Russian Spy Ring Needed Some Serious IT Help
Russian spies allegedly used steganography, open wireless networks and transfer of memory sticks to swap data, but faced problems such as leaving a password lying around on a piece of paper and trouble getting laptops fixed in less than six months.
Wed, June 30, 2010
Network World — The Russian ring charged this week with spying on the United States faced some of the common security problems that plague many companies -- misconfigured wireless networks, users writing passwords on slips of paper and laptop help desk issues that take months to resolve.
In addition, the alleged conspirators used a range of technologies to pass data among themselves and back to their handlers in Moscow including PC-to-PC open wireless networking and digital steganography to hide messages and retrieve them from images on Web sites.
They also employed more traditional methods including invisible ink, Morse Code and ciphers, according to assertions made by federal agents in court papers seeking arrest warrants for the suspected spies.
One of the most glaring errors made by one of the spy defendants was leaving an imposing 27-character password written on a piece of paper that law enforcement officers found while searching a suspect's home. They used the password to crack open a treasure trove of more than 100 text files containing covert messages used to further the investigation.
"[T]he paper said "alt," "control" and set forth a string of 27 characters," the court documents say. "Using these 27 characters as a password, technicians have been able successfully to access a software program ("Steganography Program") stored on those copies of the Password-Protected Disks that were recovered…"
This sticky-note problem is common, says John Pironti, president of IP Architects, a security consulting firm. "Humans don't really do well remembering passwords beyond six characters, so they write them down someplace," he says. The real mistake was thinking that the home was secure enough to leave the password lying around.

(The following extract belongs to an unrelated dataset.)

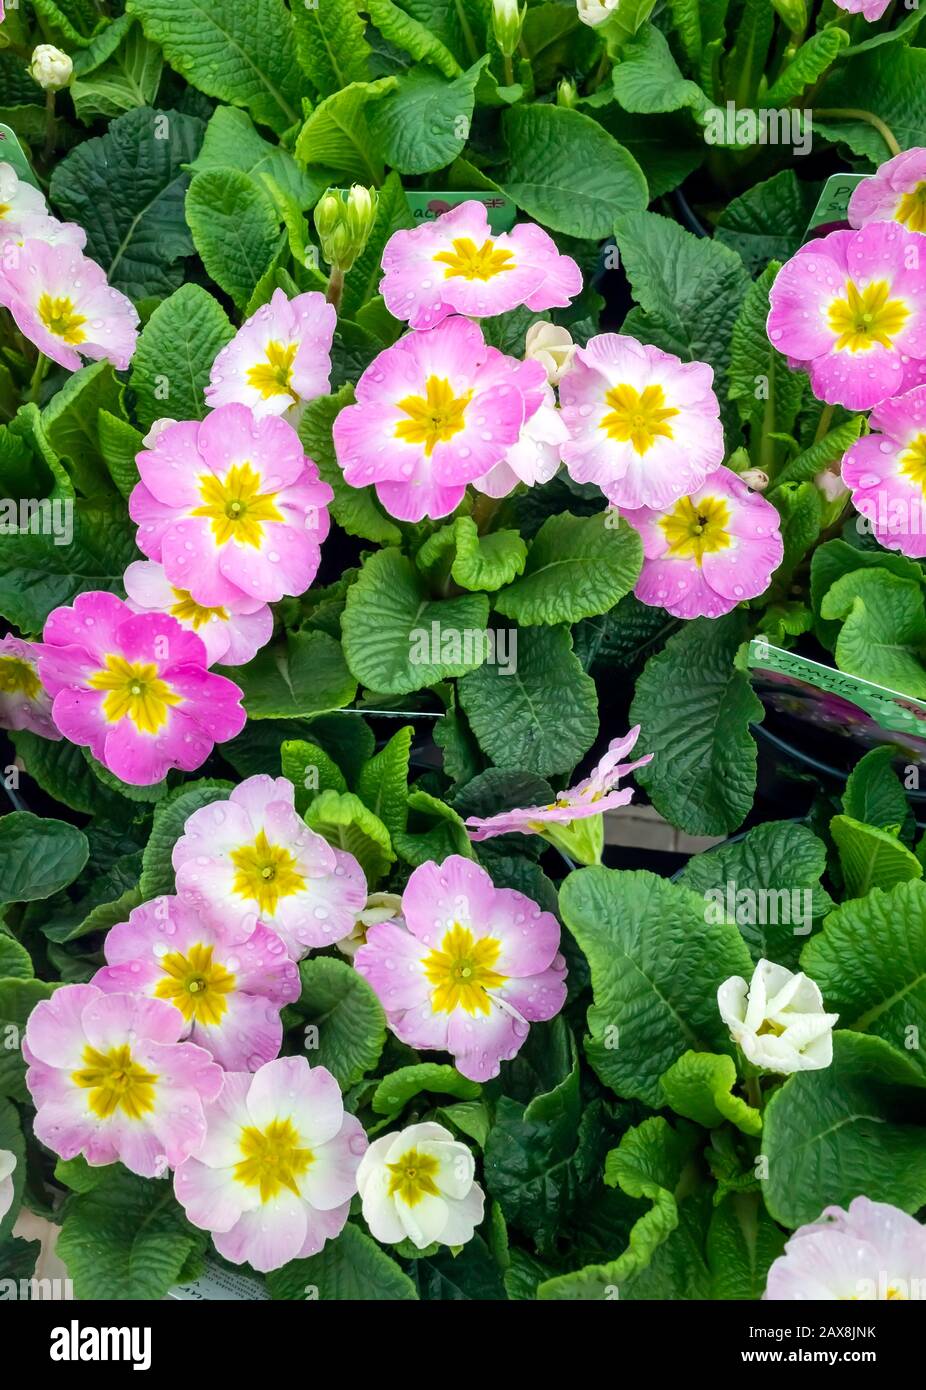 Primula variété de plantes acaulis Sweet 16 dans un centre de jardin pour la vente prêt pour la plantation de printemps Banque D'Images

Pironti says the use of steganography is also common, taking data and subtly inserting it into images so the changes aren't very noticeable to the naked eye. One notable aspect was that the steganography program used by the Russians is not commercially available, he says.
Without the program and without knowing what images might contain messages, it would have been nearly impossible to find the messages, Pironti says.
But a computer hard drive copied during one of the searches revealed a store of Web sites that agents visited and from which they downloaded images. Running the steganography program on some of those images revealed text files.
A Boston search yielded a hard drive that contained what investigators believe are drafts of messages to be embedded in images. The messages had been deleted, but investigators were able to recover them.